The best way to lazy load entity attributes using JPA and Hibernate

Introduction

When fetching an entity, all attributes are going to be loaded as well. This is because every entity attribute is implicitly marked with the @Basic annotation whose default fetch policy is FetchType.EAGER.

However, the attribute fetch strategy can be set to FetchType.LAZY, in which case the entity attribute is loaded with a secondary select statement upon being accessed for the first time.

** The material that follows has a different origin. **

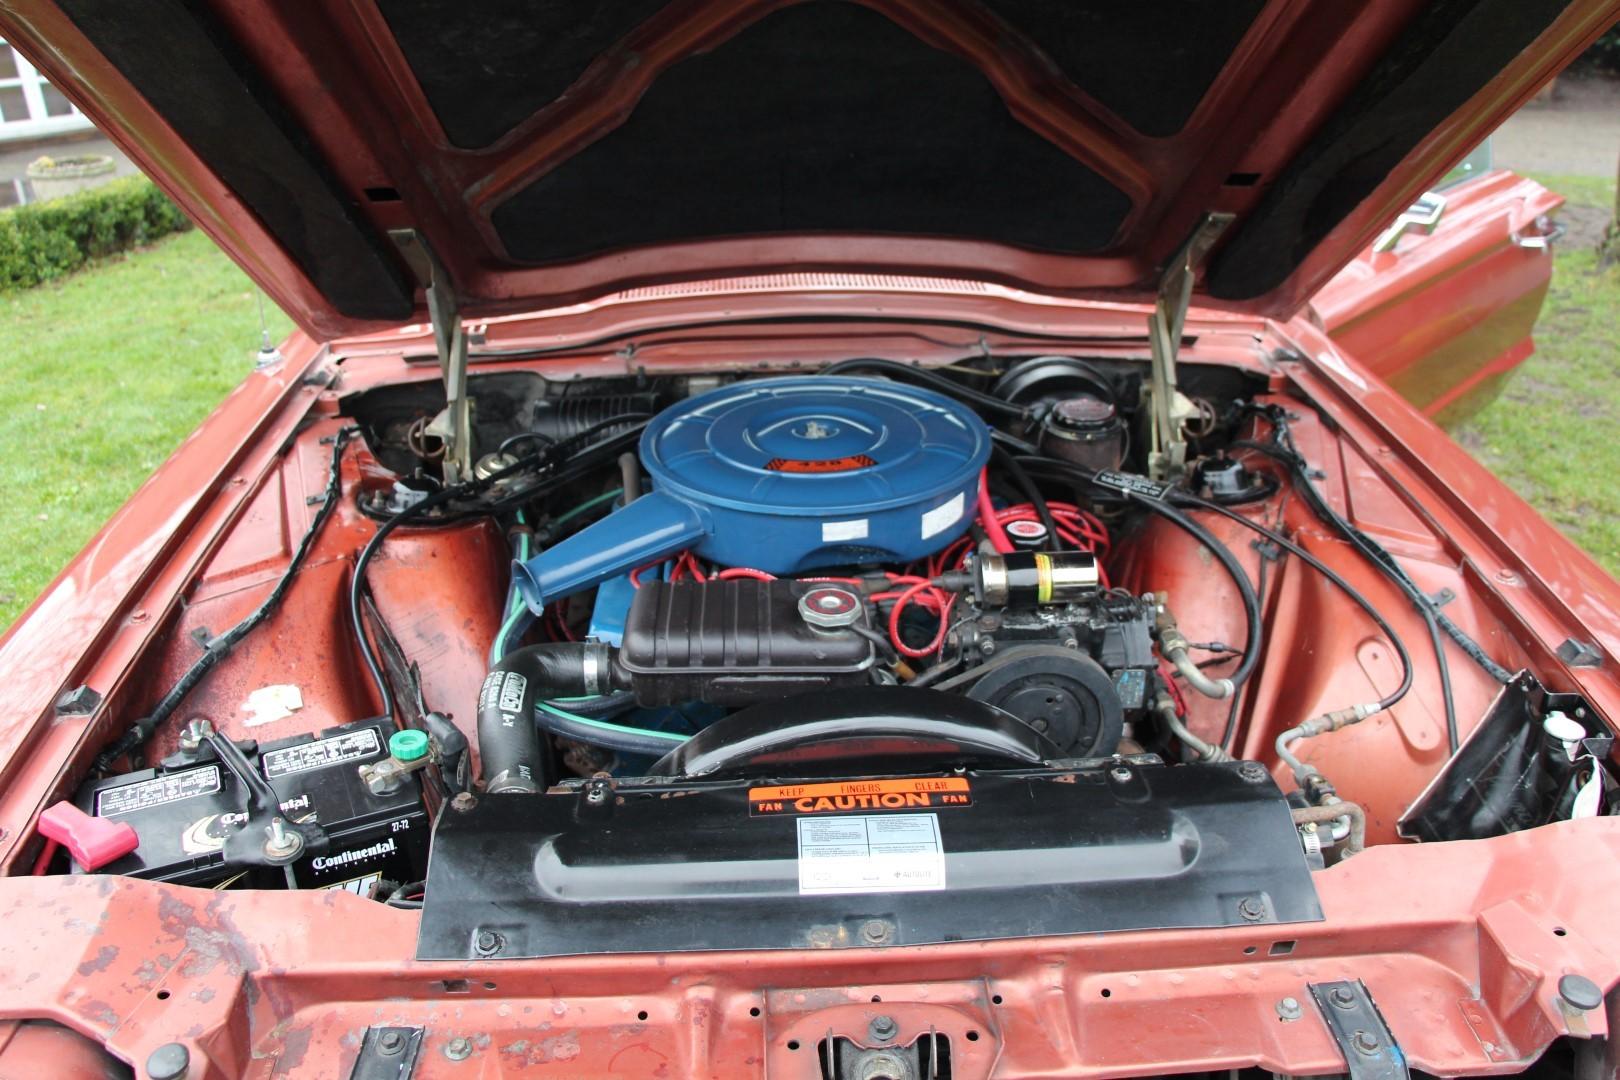 1966 Ford Thunderbird Town Landau 428 - emberglow (2)

@Basic(fetch = FetchType.LAZY)

This configuration alone is not sufficient because Hibernate requires bytecode instrumentation to intercept the attribute access request and issue the secondary select statement on demand.

Bytecode enhancement

When using the Maven bytecode enhancement plugin, the enableLazyInitialization configuration property must be set to true as illustrated in the following example:

<plugin>
    <groupId>org.hibernate.orm.tooling</groupId>
    <artifactId>hibernate-enhance-maven-plugin</artifactId>
    <version>${hibernate.version}</version>
    <executions>
        <execution>
            <configuration>
                <failOnError>true</failOnError>
                <enableLazyInitialization>true</enableLazyInitialization>
            </configuration>
            <goals>
                <goal>enhance</goal>
            </goals>
        </execution>
    </executions>
</plugin>

With this configuration in place, all JPA entity classes are going to be instrumented with lazy attribute fetching. This process takes place at build time, right after entity classes are compiled from their associated source files.

The attribute lazy fetching mechanism is very useful when dealing with column types that store large amounts of data (e.g. BLOB, CLOB, VARBINARY). This way, the entity can be fetched without automatically loading data from the underlying large column types, therefore improving performance.

To demonstrate how attribute lazy fetching works, the following example is going to use an Attachment entity which can store any media type (e.g. PNG, PDF, MPEG).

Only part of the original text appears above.